(Sifted.eu) Banks can already get a 100-fold advantage by using quantum computers to solve problems such as portfolio optimisation and fraud detection fraud, says Spanish startup Multiverse Computing. Forget what Goldman Sachs said about useful quantum computing being five years away in finance.
The company, which raised a €10m seed funding round, has developed a quantum software product that it is supplying to customers including BBVA, Bankia the European Tax Agency and the Bank of Canada by focusing on problems that are particularly well suited to quantum computers, Multiverse says it is possible to get quantum advantage even with today’s small, error-prone machines.
The San Sebastian-headquartered company matches the algorithm, on the back end, to a particular type of quantum computer that is best suited for that problem. For example D-Wave’s machines are good for optimisation problems while IBM and IonQ’s quantum computers perform better on machine learning, says Lizaso.

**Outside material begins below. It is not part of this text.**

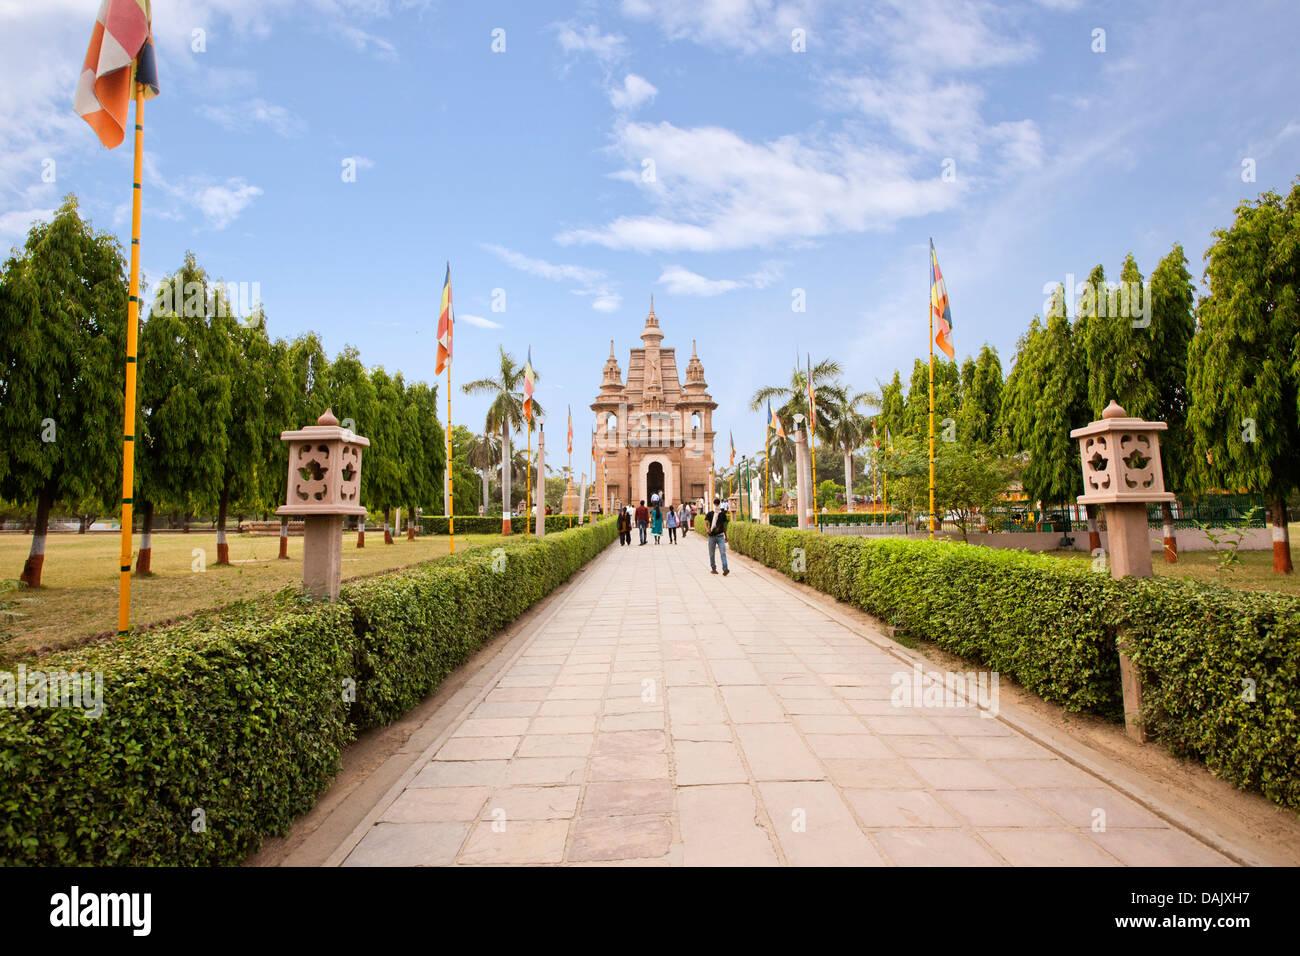 Garden path leading to a temple, Mulagandha Kuti Vihar Temple, Sarnath, Varanasi, Uttar Pradesh, India - Stock Image

Other types of problems can still be tricky to solve with quantum computing, such as working out pricing for complex financial instruments (which relies on running so-called Monte Carlo simulations that QC Ware and Goldman Sachs were looking at) or for large-scale simulations. For these, we are likely to need quantum machines with larger numbers of qubits.
“You have to grow like hell at the moment,” says Lizaso, noting that many of Multiverse’s competitors are large tech incumbents like IBM and Google, and that quantum software rival Cambridge Quantum Computing recently merged with Honeywell to give itself more firepower.
Multiverse’s seed round was led by JME Ventures and also included Quantonation, EASO Ventures, Inveready, Mondragón Fondo de Promoción, Ikerlan, LKS, and Penja Strategy.